DIRECTIONS FOR THIS TASK:
Reproduce the lines below verbatim. Pictures are to be omitted.

PROVIDED MATERIAL:
=-=-=-=-=

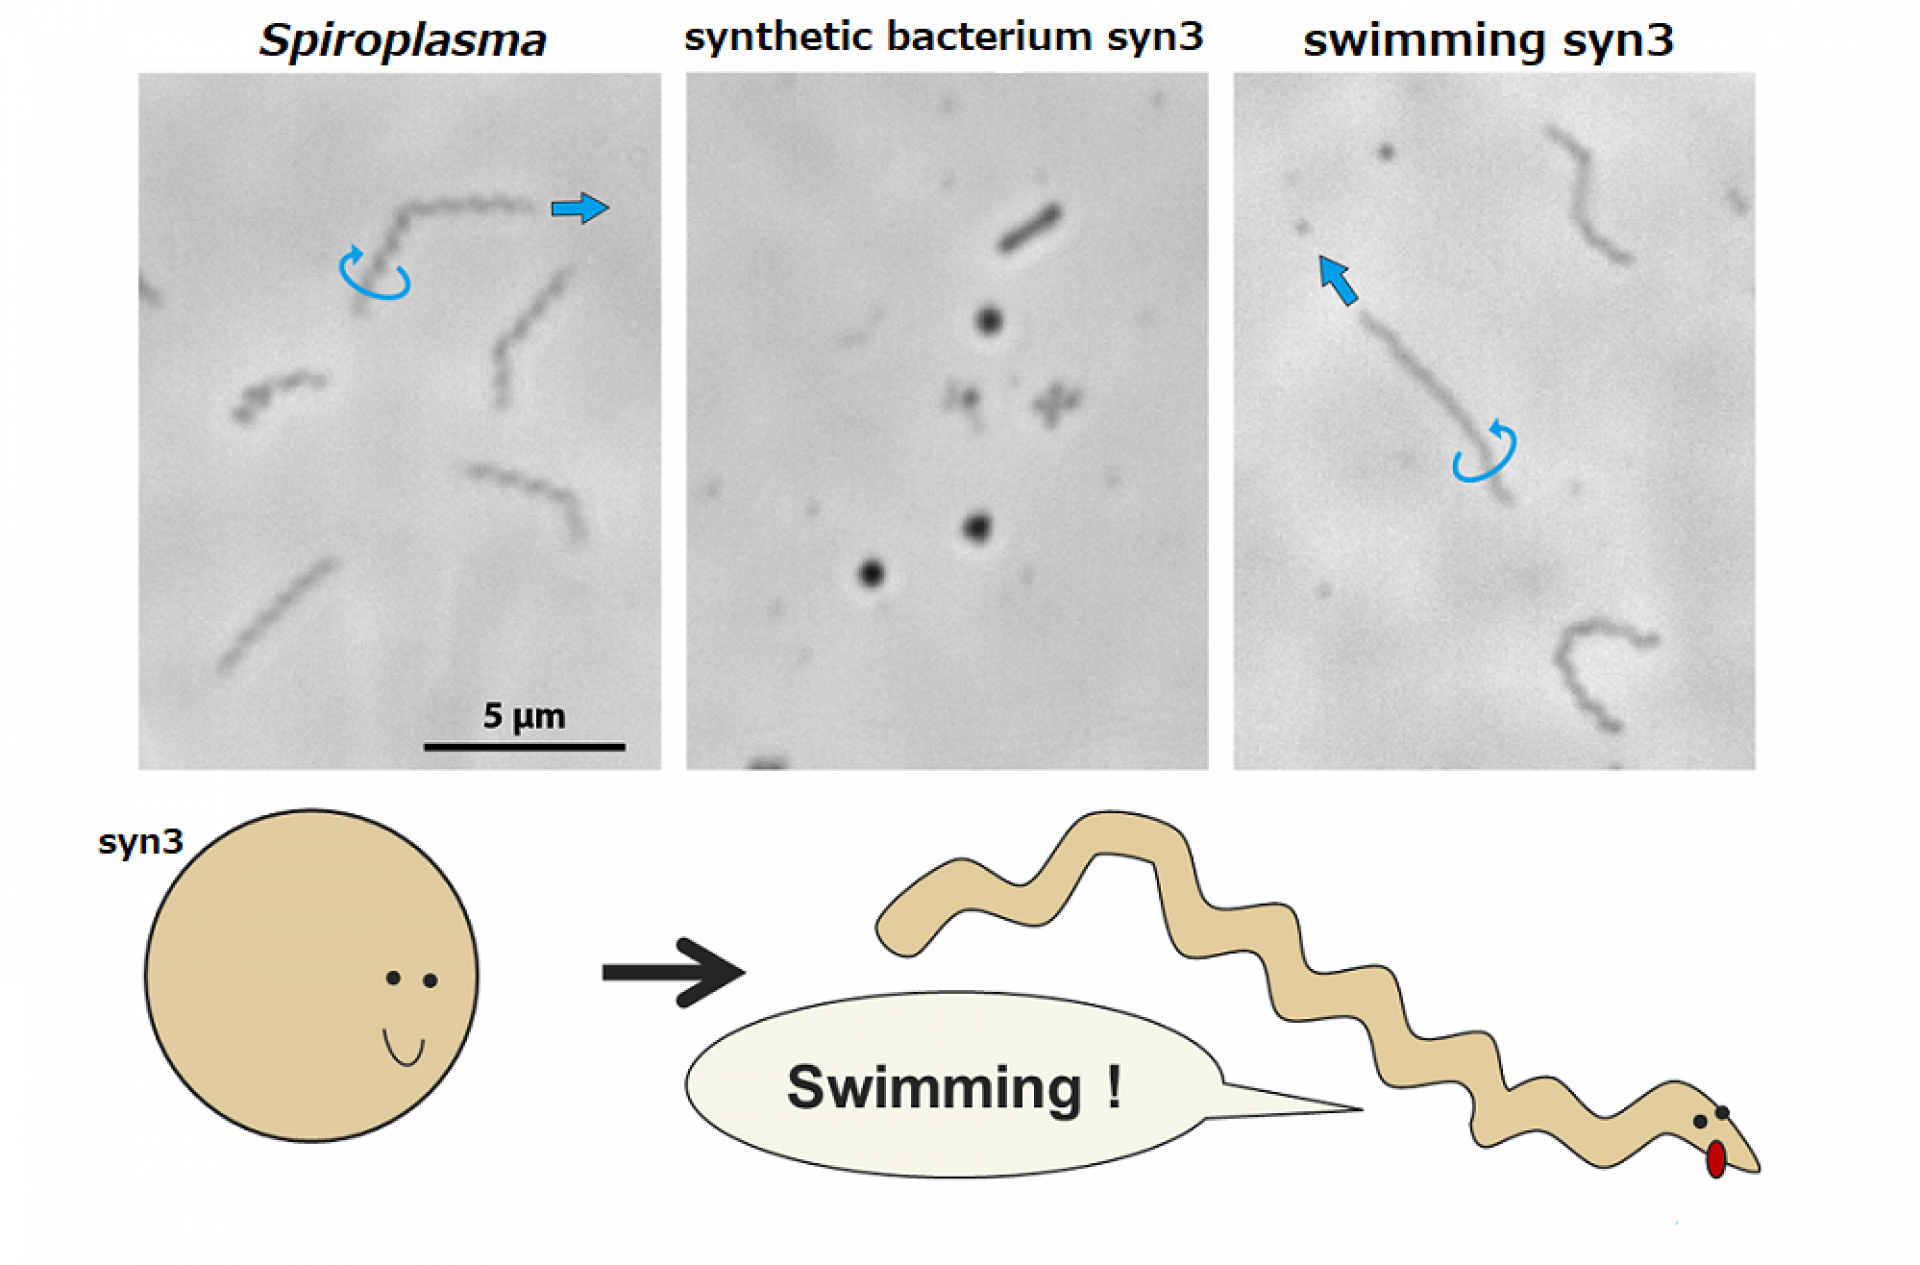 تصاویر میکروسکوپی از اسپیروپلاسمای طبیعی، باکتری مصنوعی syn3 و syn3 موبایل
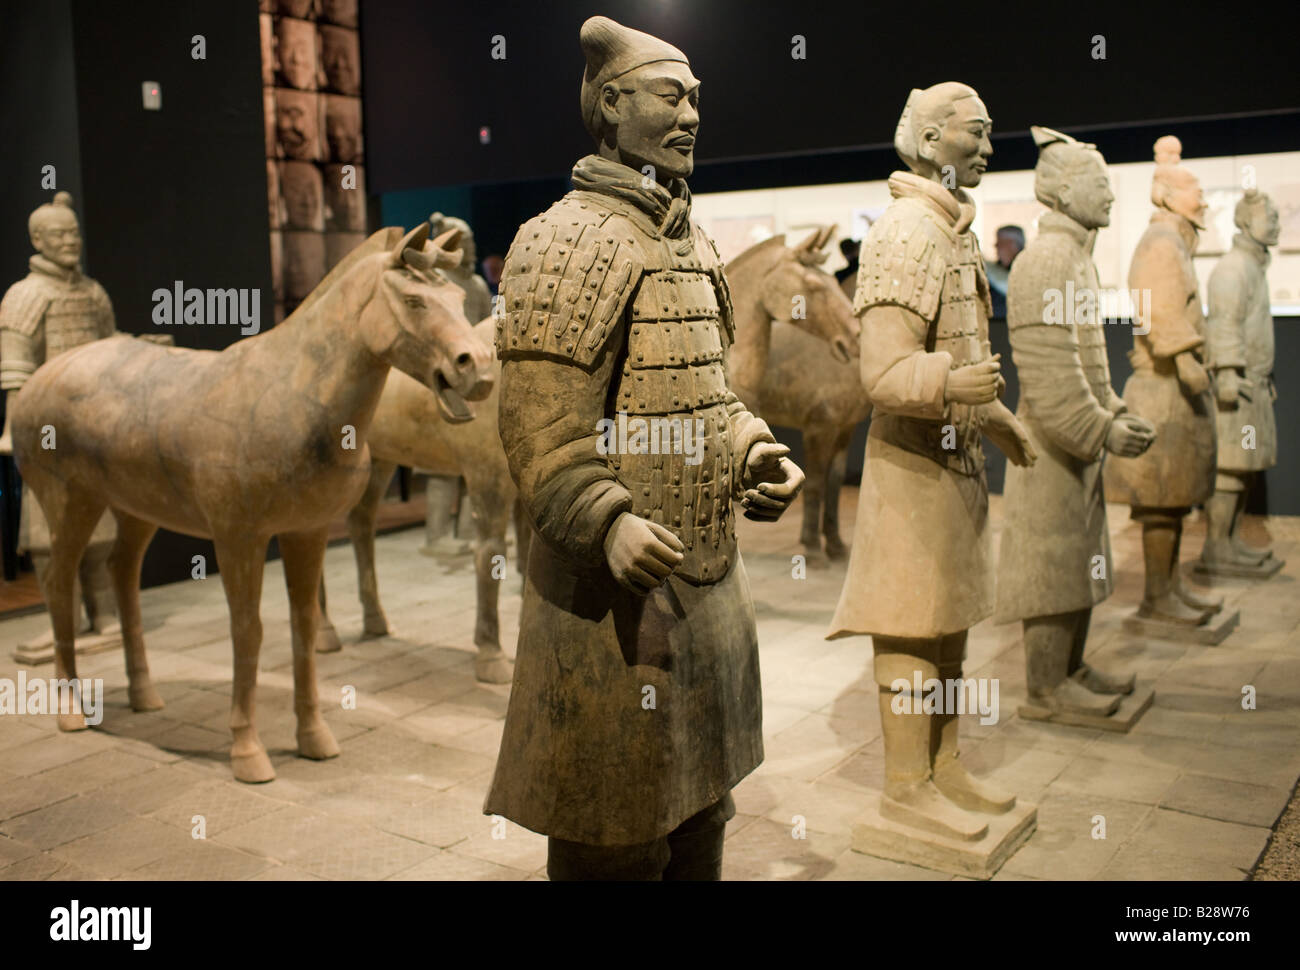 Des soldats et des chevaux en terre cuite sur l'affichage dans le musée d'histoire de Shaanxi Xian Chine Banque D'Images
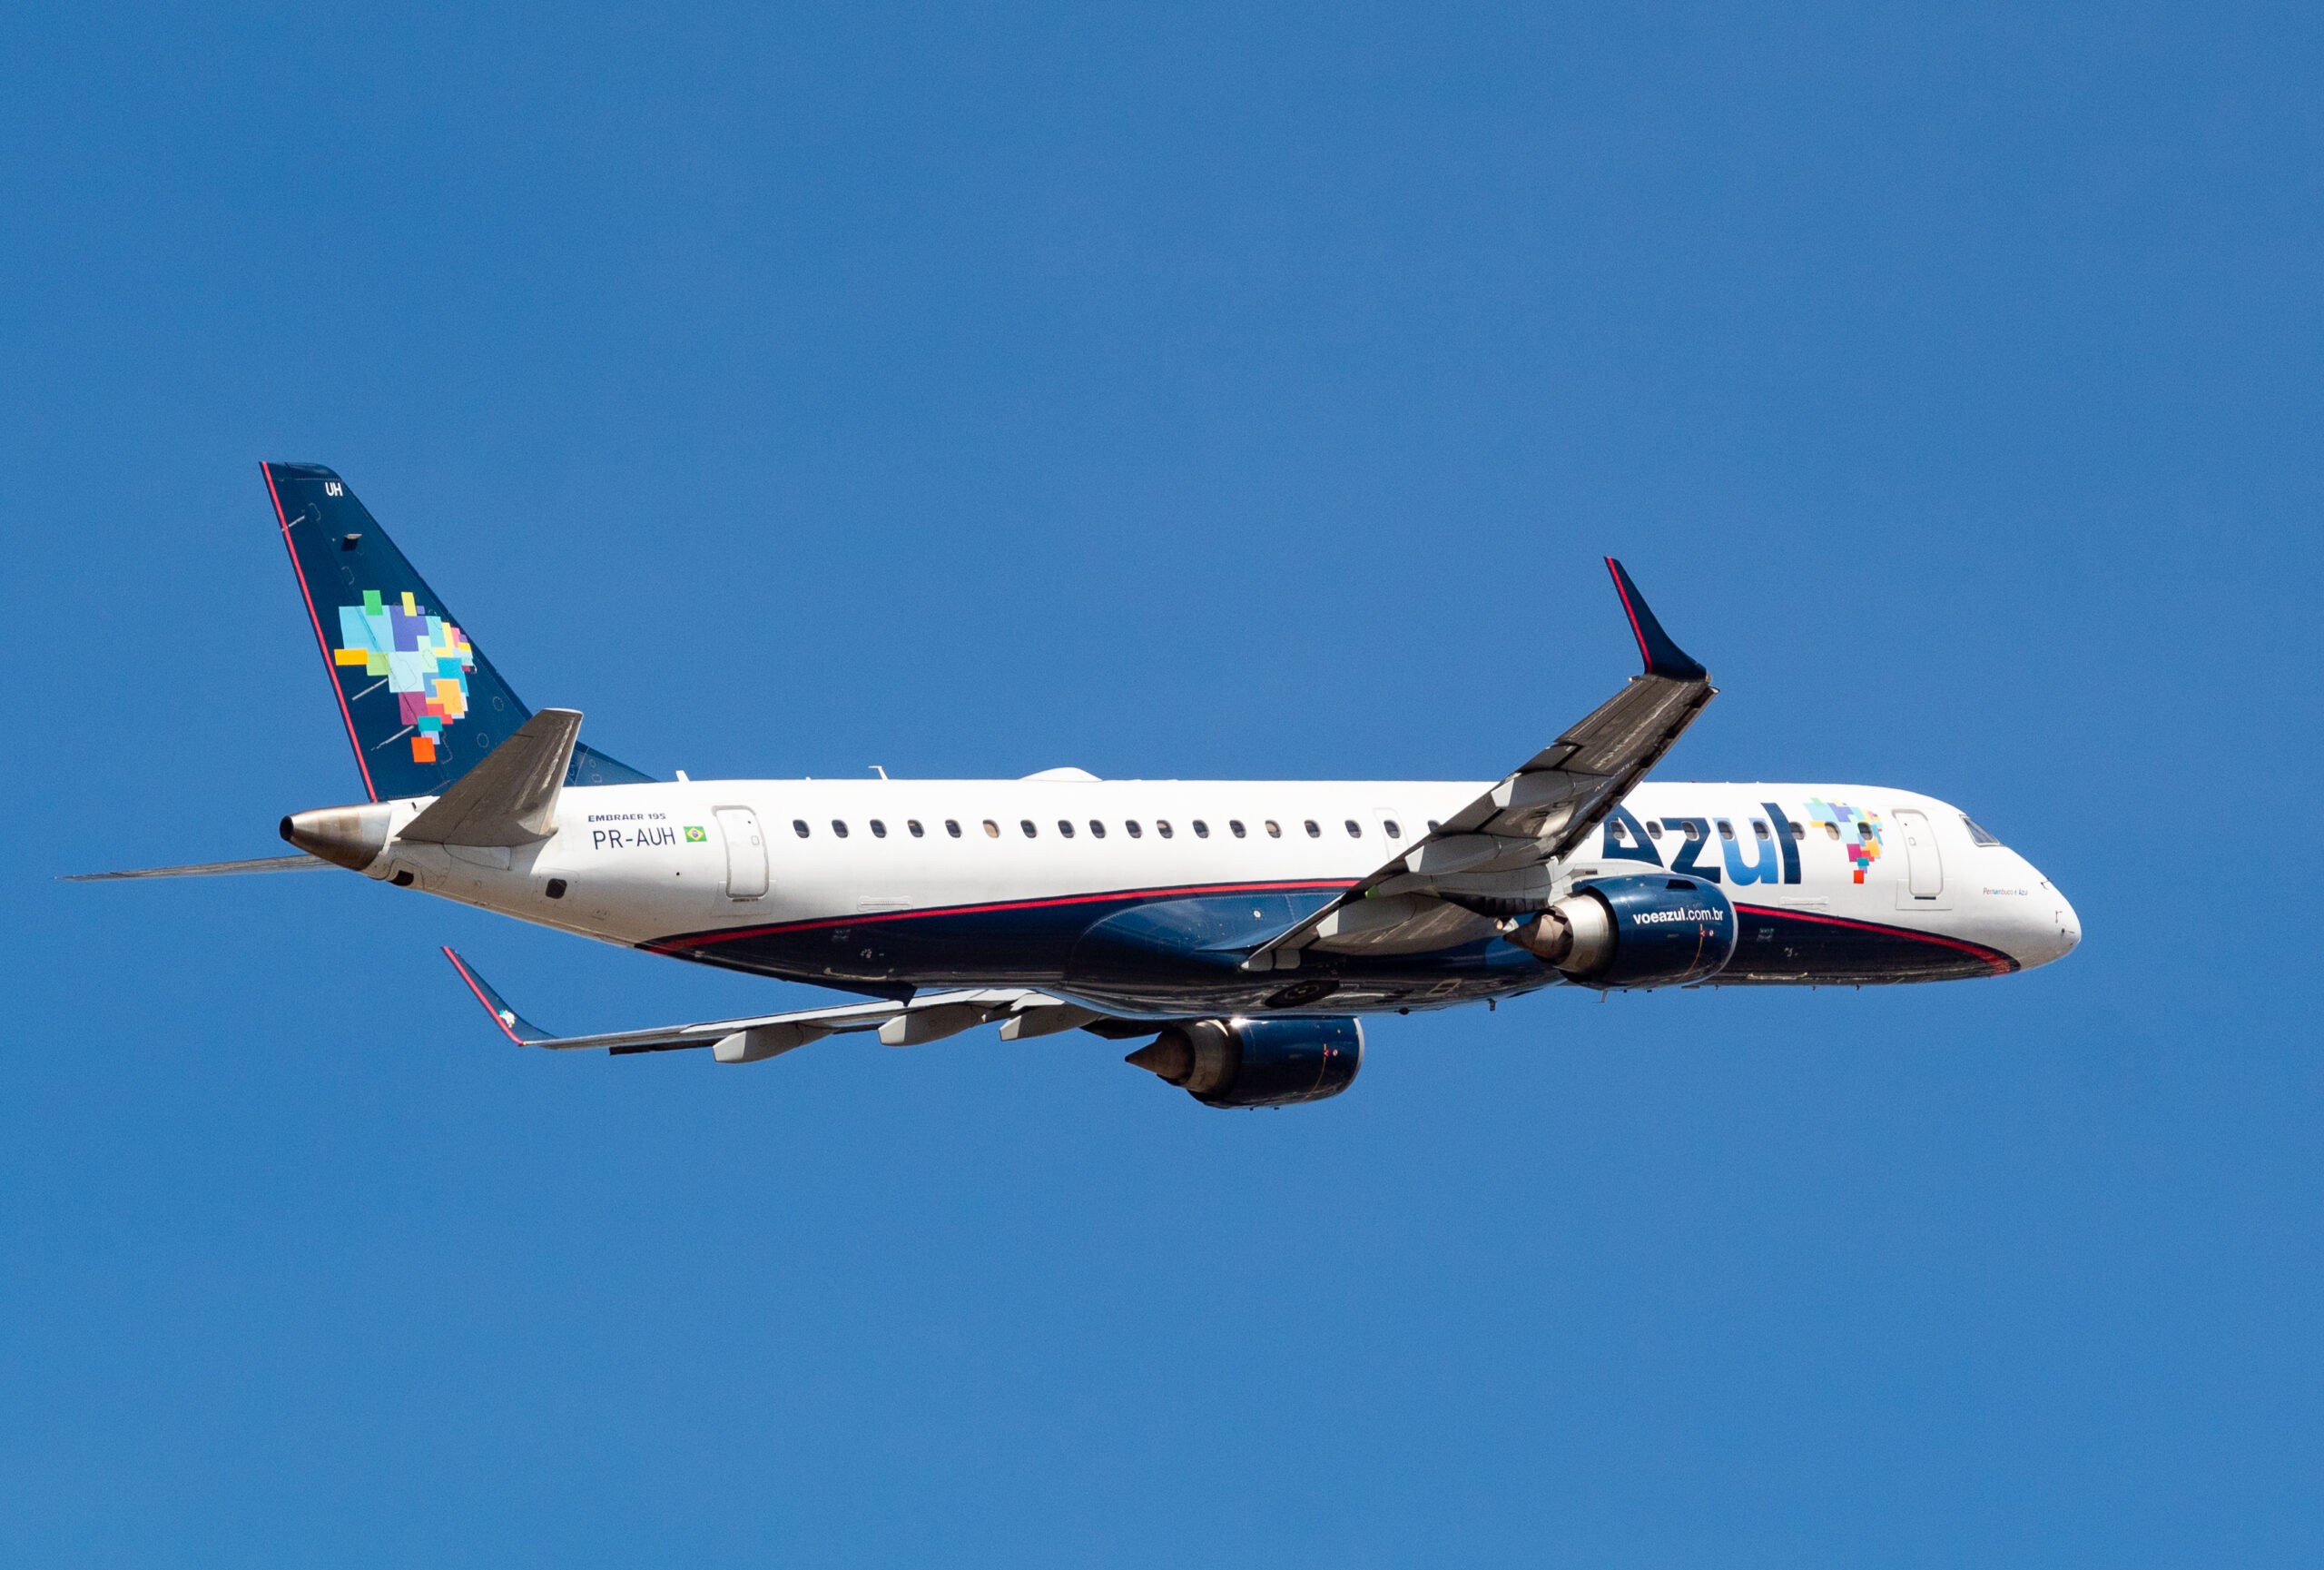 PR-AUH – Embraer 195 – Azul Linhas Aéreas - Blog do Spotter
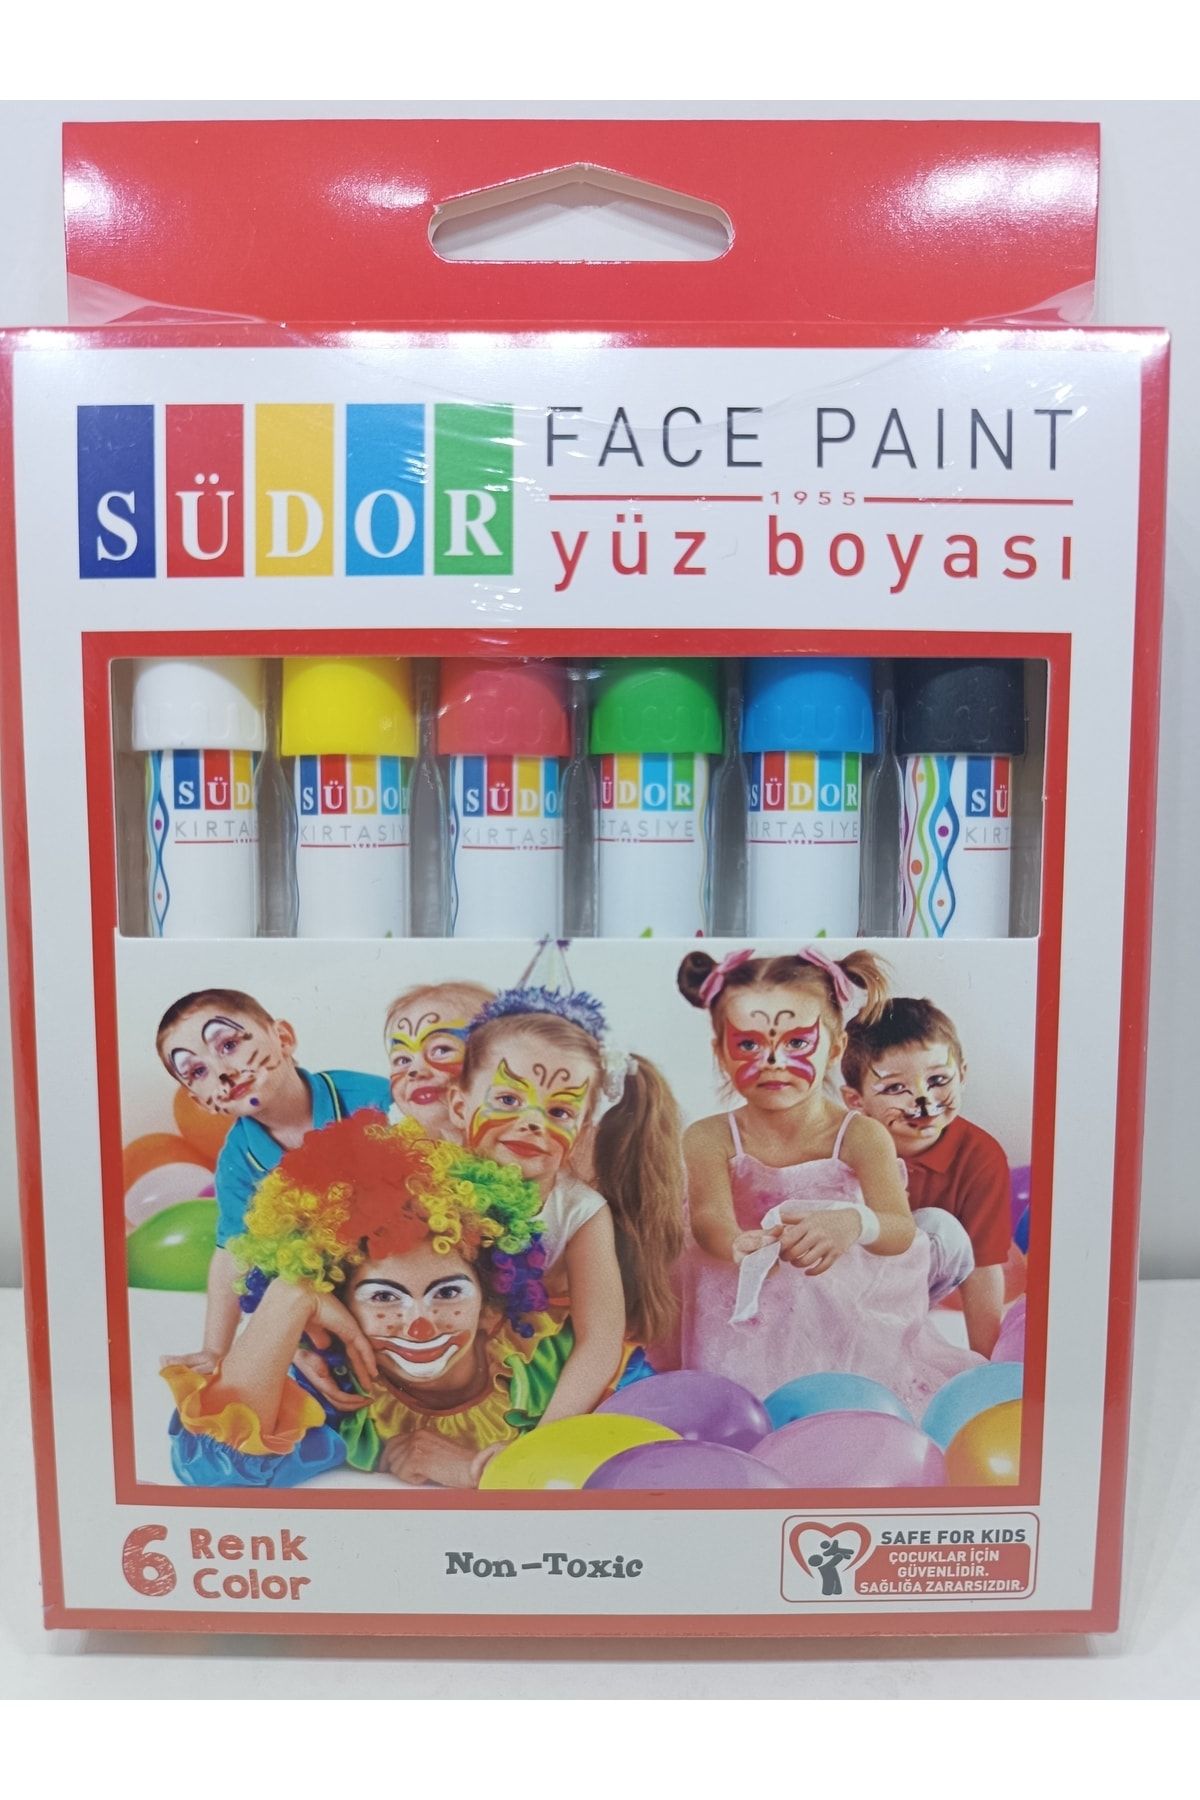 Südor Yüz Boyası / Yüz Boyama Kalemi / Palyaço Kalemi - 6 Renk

=-=-=-=-=

EXERCISE SOLUTION:
 تصاویر میکروسکوپی از اسپیروپلاسمای طبیعی، باکتری مصنوعی syn3 و syn3 موبایل
 Des soldats et des chevaux en terre cuite sur l'affichage dans le musée d'histoire de Shaanxi Xian Chine Banque D'Images
 PR-AUH – Embraer 195 – Azul Linhas Aéreas - Blog do Spotter
 Südor Yüz Boyası / Yüz Boyama Kalemi / Palyaço Kalemi - 6 Renk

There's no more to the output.